Posted Tue Jun 01, 2021 2:37 am

SPiFF wrote:
Mon May 31, 2021 10:16 am

It really needs the tank with the correct cable. These original mice are a PITA to restore
It isn't that bad. These mice suffer from two weaknesses: 1) The cable, often broken inside due to twisting it once or twice too often, 2) aging resistors or solder.

The inside of these mice looks like a 5yo soldered them. It is terrible.

I have several of those, and some of them showed erratic movement in either or both directions. Turned out that they all were all easily fixed by replacing 4 SMD resistors. You need 2,7kOhm 1206 ones.

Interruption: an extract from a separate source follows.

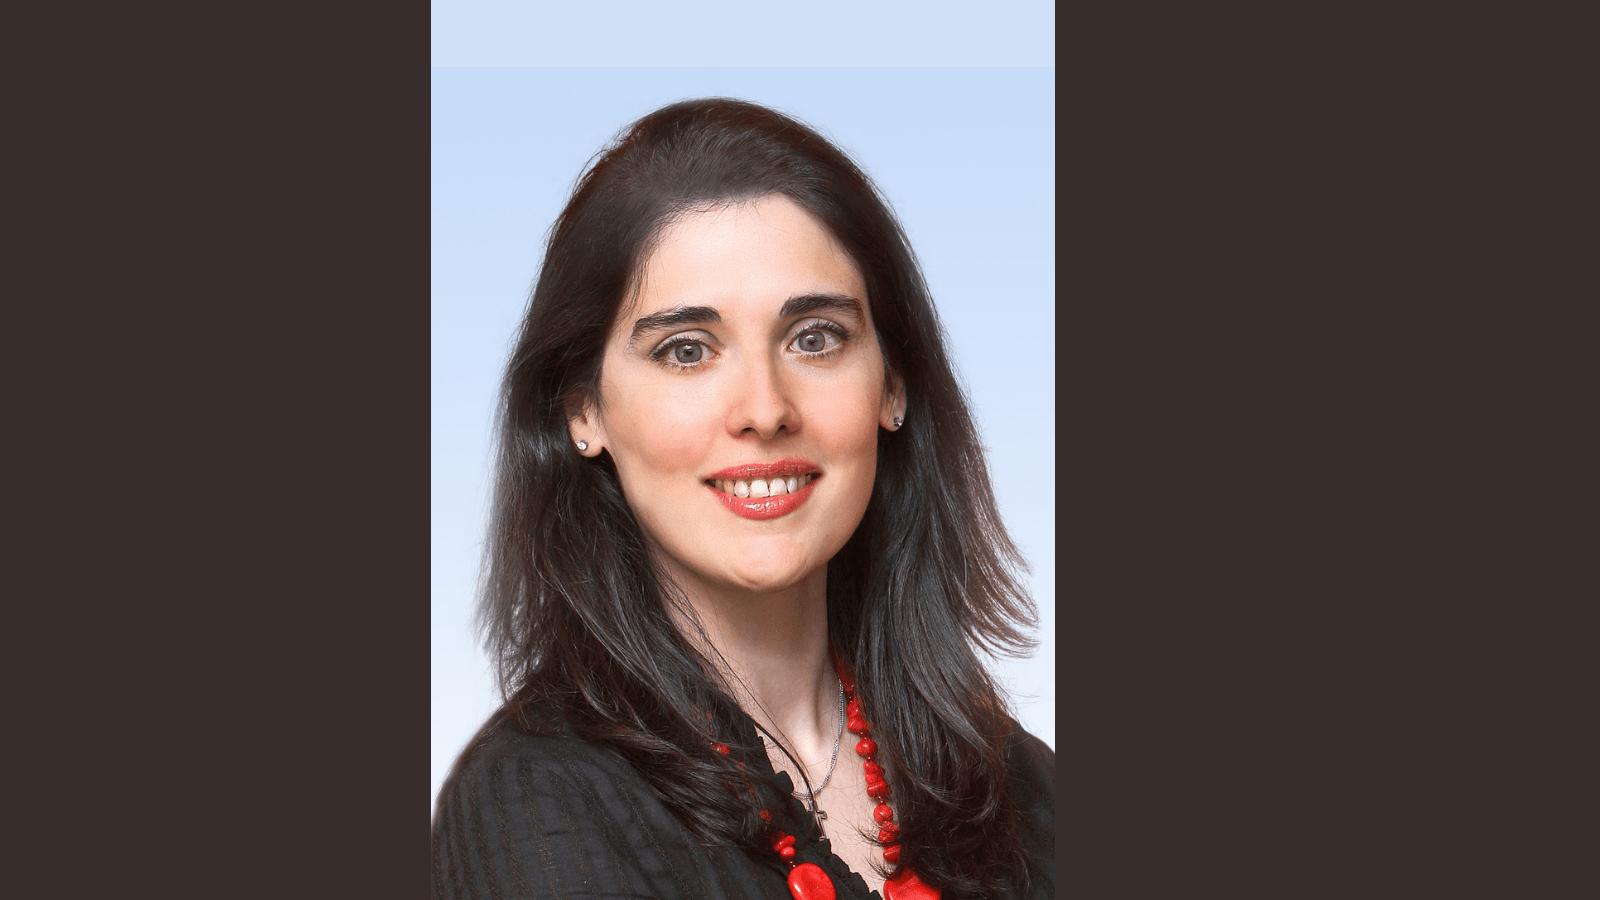 Jerusalem Hernández: Socia de Sostenibilidad y Buen Gobierno de KPMG España

https://www.youtube.com/watch?v=fmJqf-VHn9E

When I de-soldered the old ones, I noticed that they were all but 2,7kOhm ones, some were 800Ohm, some 3,6kOhm. Not by measured value, but by denomination! I don't know why.

Replacing them (all four) with 2,7kOhm ones did the job in every single case.

User avatar
JoeUser
Dallas, TX

Posted Tue Jun 01, 2021 7:12 pm

Excellent thread, full of great info, thanks!

I recently aquired three tank mice, and another trackball. I've yet to fully test any of them, but they're well used and need some cleaning. It's good to know about the resistors, and I'll file that info away for future use!